DATASET EXCERPT START

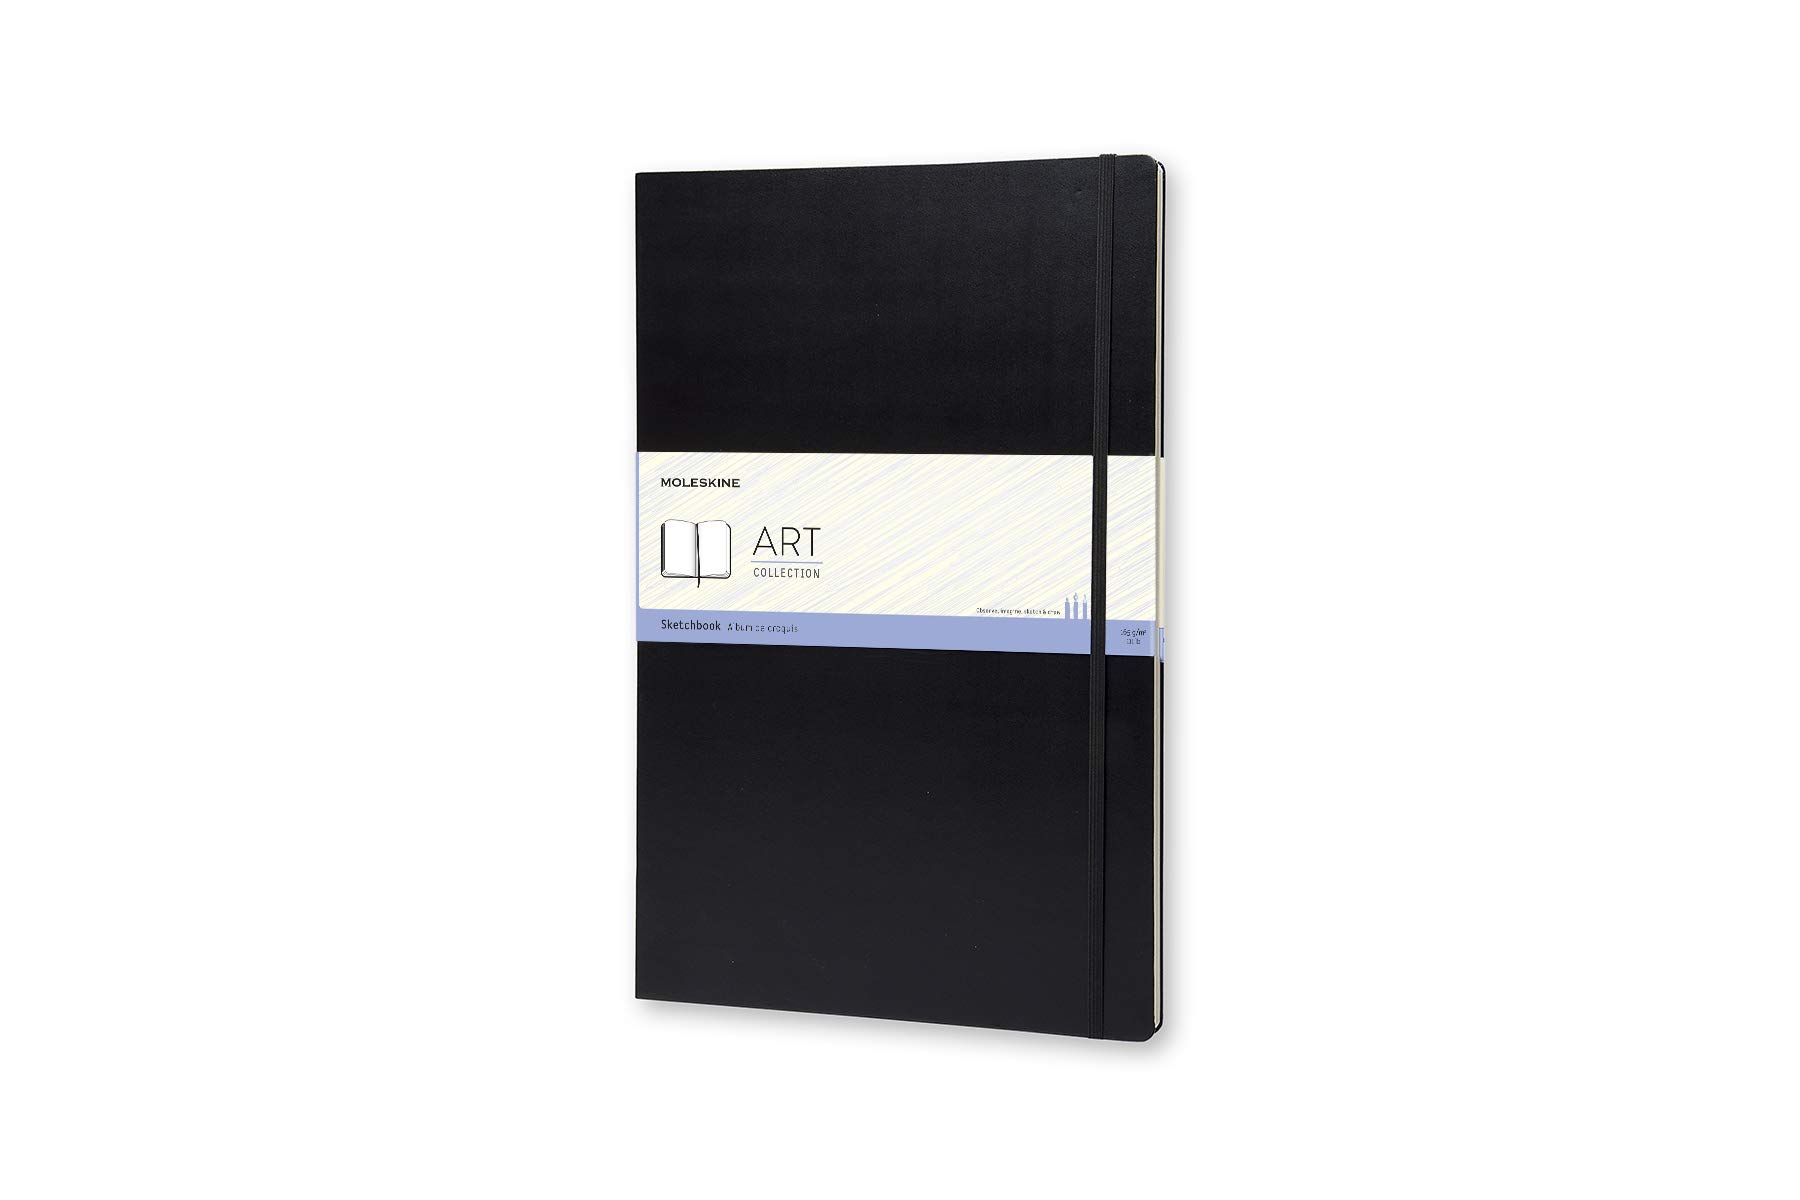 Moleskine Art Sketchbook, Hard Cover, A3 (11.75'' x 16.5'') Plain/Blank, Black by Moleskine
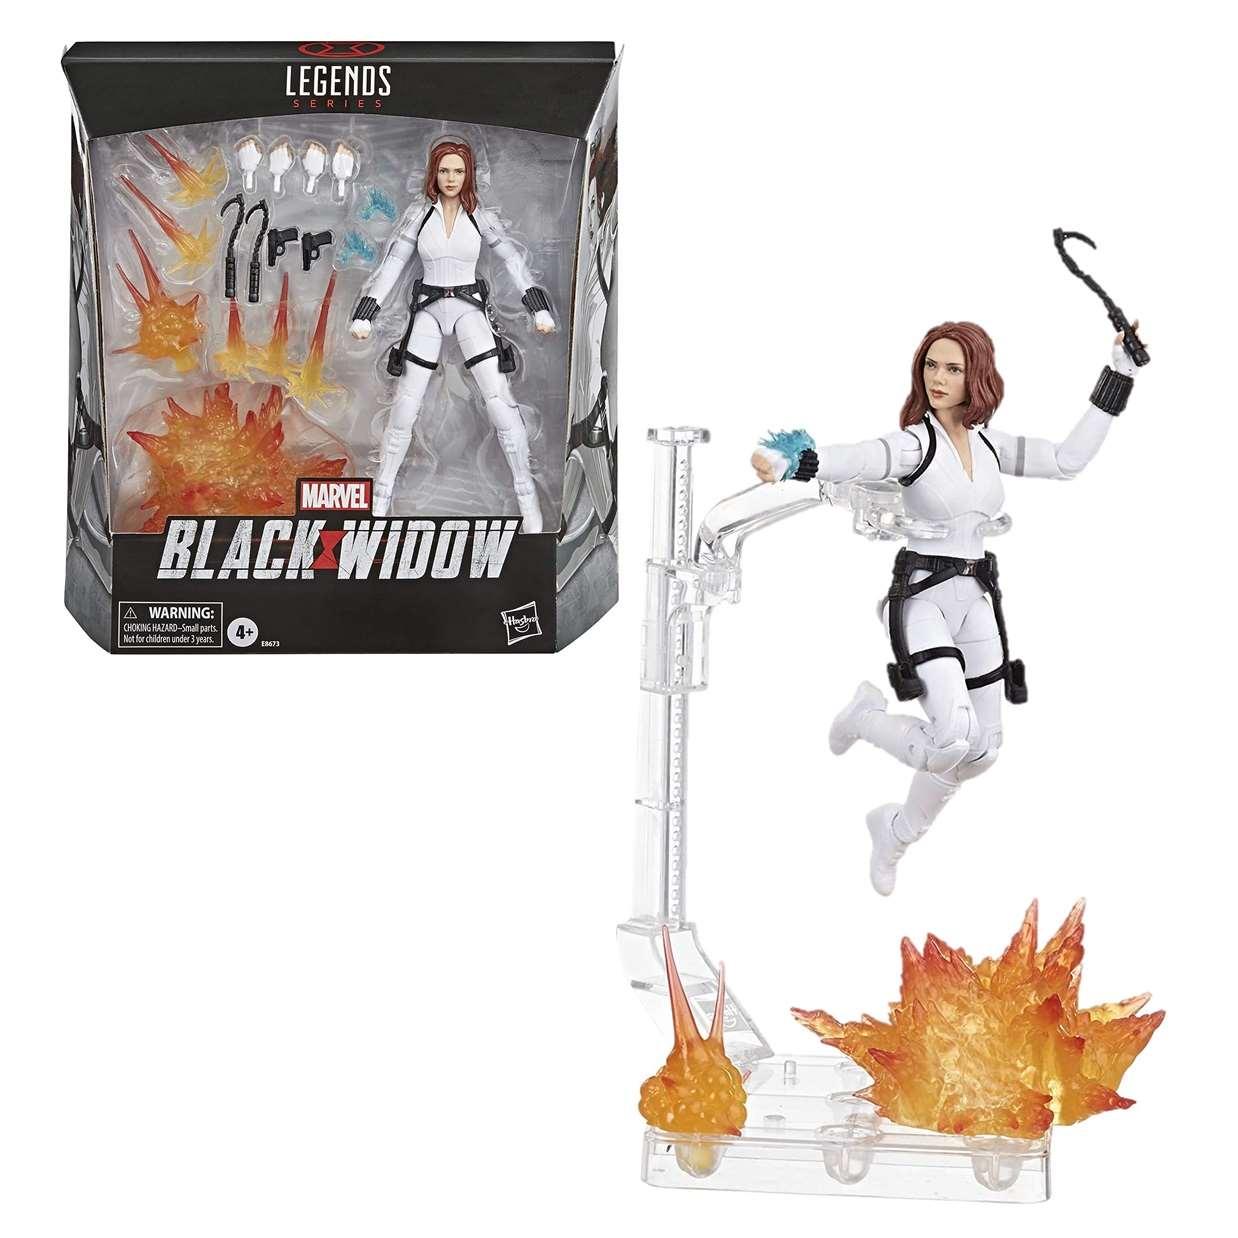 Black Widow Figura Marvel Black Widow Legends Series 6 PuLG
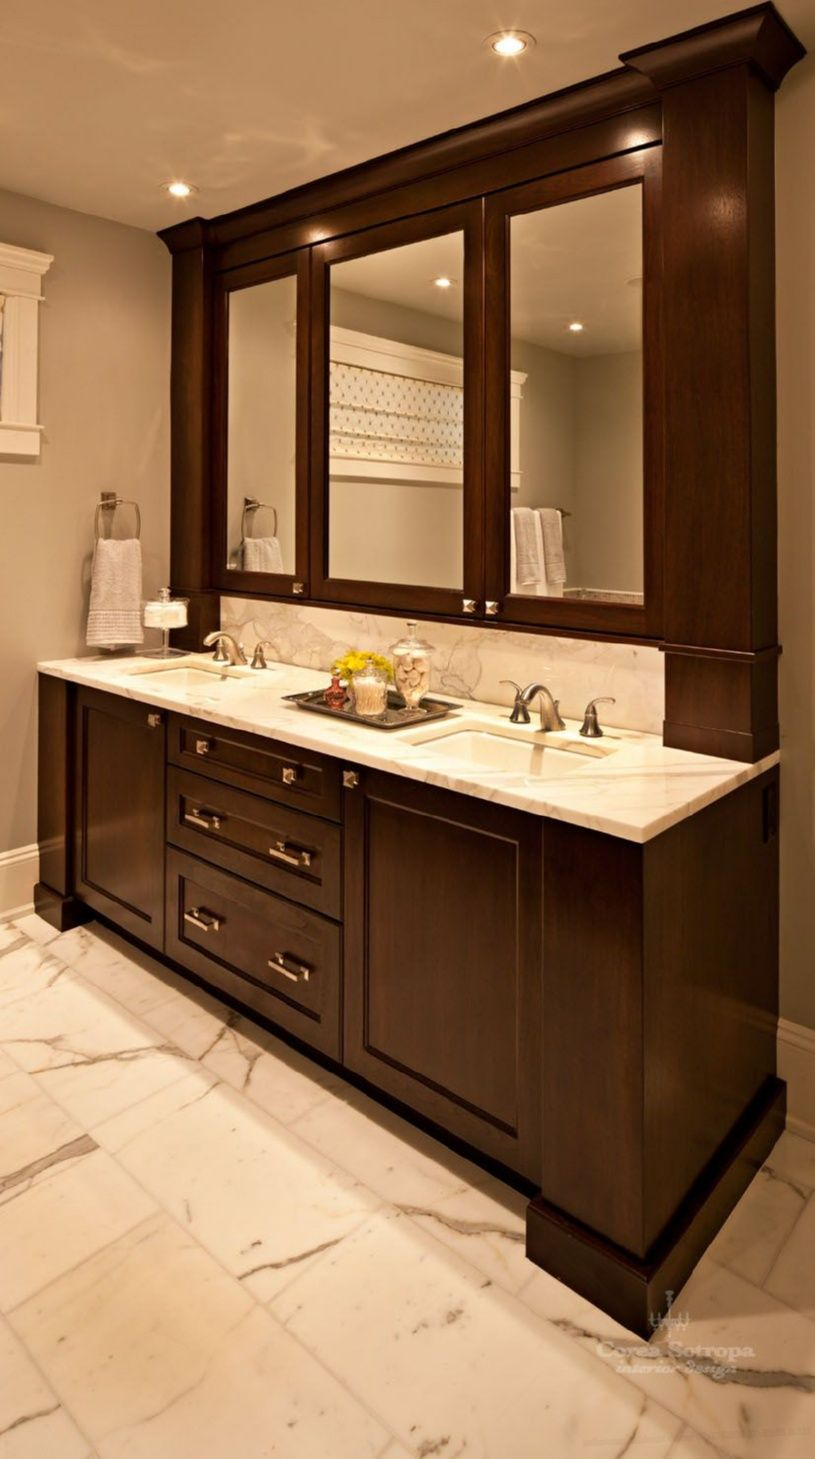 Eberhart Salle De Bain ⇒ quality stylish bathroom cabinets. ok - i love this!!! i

DATASET EXCERPT END

Where a picture appears in the data, omit it; restate the rest word for word.

 Moleskine Art Sketchbook, Hard Cover, A3 (11.75'' x 16.5'') Plain/Blank, Black by Moleskine
 Black Widow Figura Marvel Black Widow Legends Series 6 PuLG
 Eberhart Salle De Bain ⇒ quality stylish bathroom cabinets. ok - i love this!!! i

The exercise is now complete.